This book brings together leading and innovative thinkers in the field of pedagogy to offer new perspectives on The Spectrum. It begins with Sara Ashworth, ‘the mother’ of The Spectrum, giving a history and overview of The Spectrum and providing personal insights about Muska Mosston that only she could. She covers the beginning, theory of The Spectrum and its development and the future of where The Spectrum may go.

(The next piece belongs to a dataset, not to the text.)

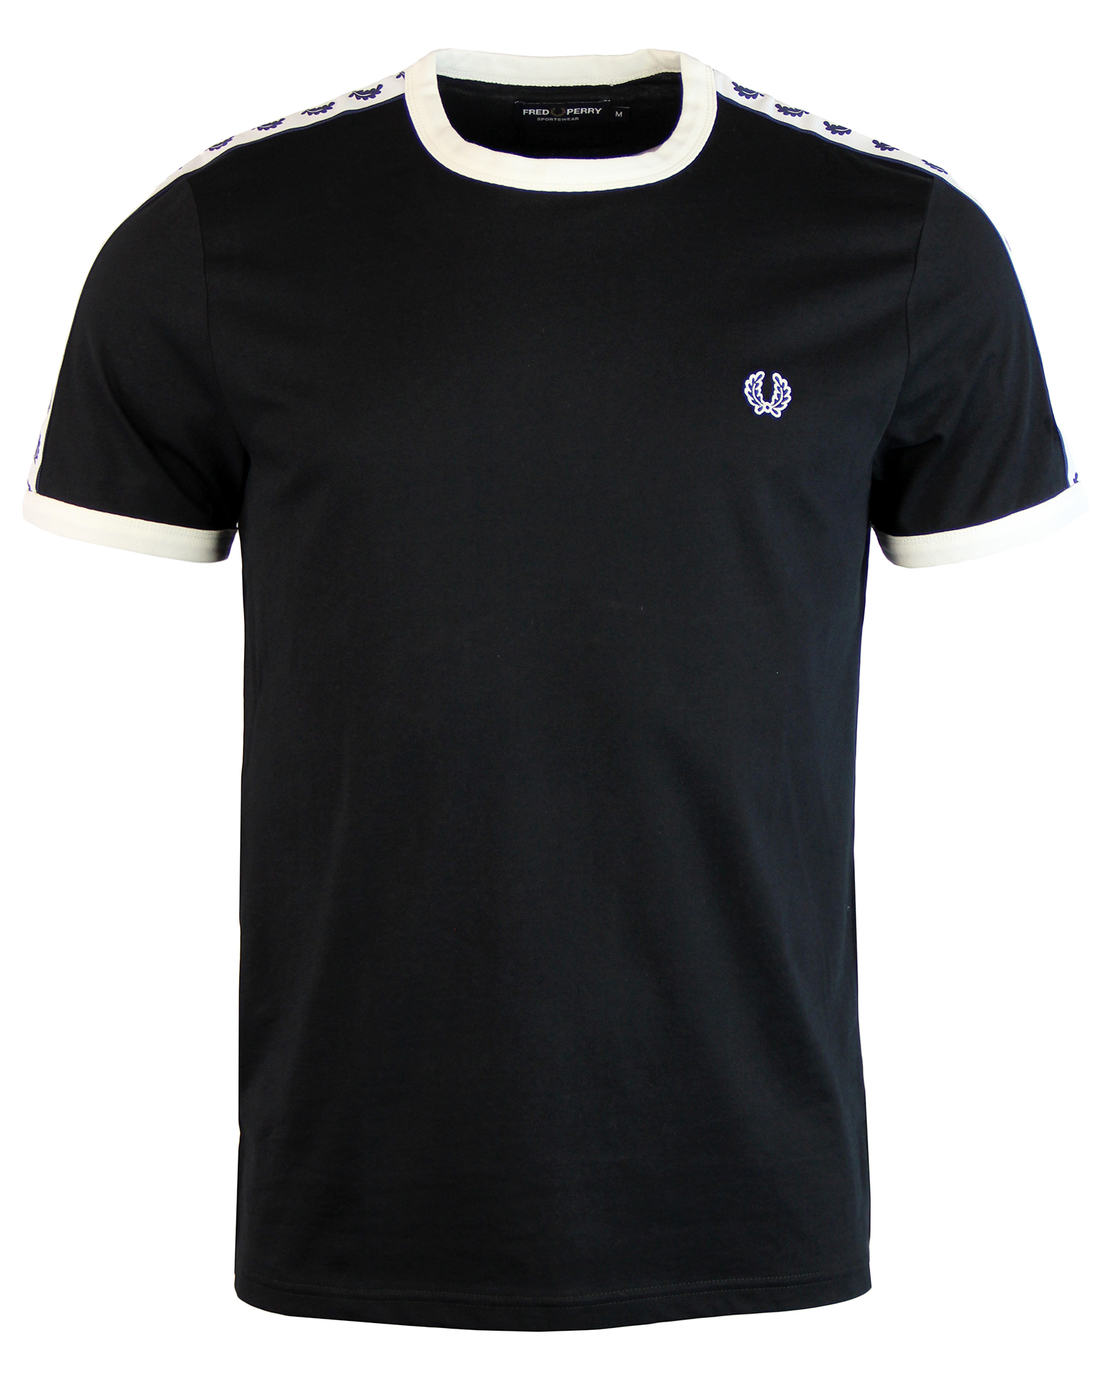 FRED PERRY Men's Retro Taped Sleeve Ringer Tee in Black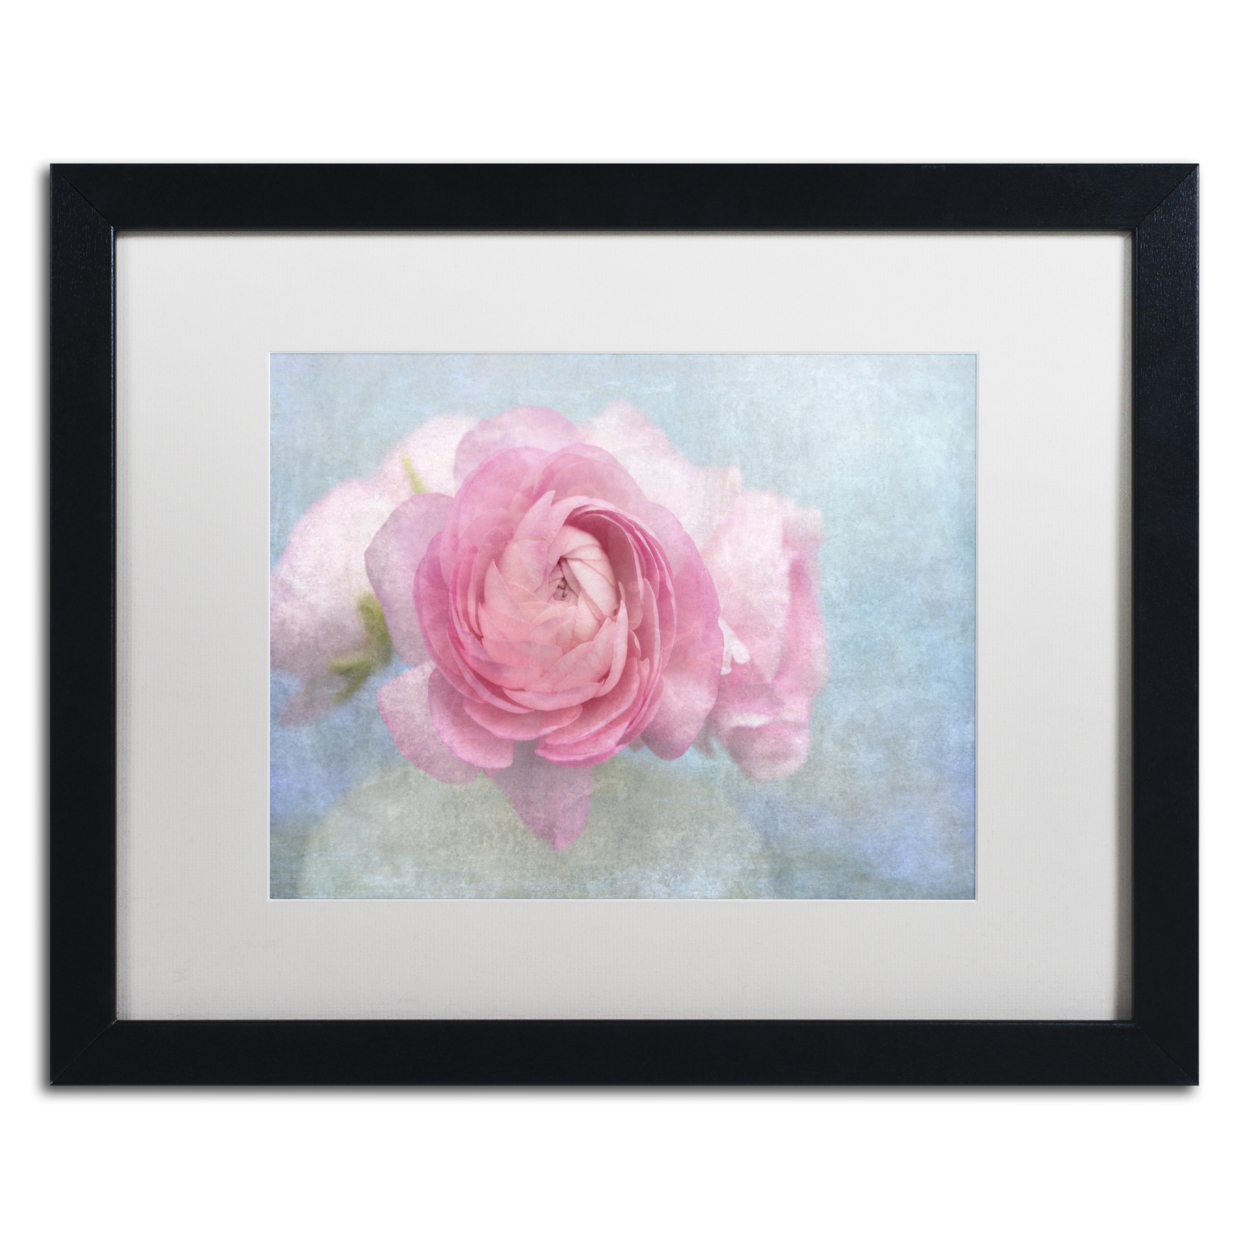 Cora Niele 'Pink Persian Buttercup Still Life' Black Wooden Framed Art 18 X 22 Inches

Those interested in how The Spectrum can be used in Physical Education Teacher Education (PETE) programs will be particularly interested in Chapters 3, 5 and 9. In Chapter 3, Mark Byra explains how he has used The Spectrum at the University of Wyoming and how The Spectrum addresses some of Windshcitl’s (2012) dilemmas when implementing teaching styles. In Chapter 9, Matt Curtner-Smith provided ideas on how to implement The Spectrum for those considering including it in their PETE programs. Through the lens of transformative tertiary physical education, Shane Pill and Joss Rankin also explained how they use The Spectrum in the PETE program at Flinders University as a deliberate mechanism to disrupt the common technocratic and sport-as-sport techniques physical education perspective. Chapter 13 by Yannis Syrmpas and Nikolaos Digelidis emphasised the importance of understanding pre-service physical education teachers’ mental models of reproduction and production cluster styles so that adoption of new styles may be successful. In Chapter 12, Donetta Cothran and Pamela Kulinna explored research that has been done covering what styles were being used, by whom, and what those individuals believed about the styles. They then draw this research to others work around the central themes in an attempt to capture a more complete picture of The Spectrum decision making chain and to suggest new paths of inquiry regarding The Spectrum and its use.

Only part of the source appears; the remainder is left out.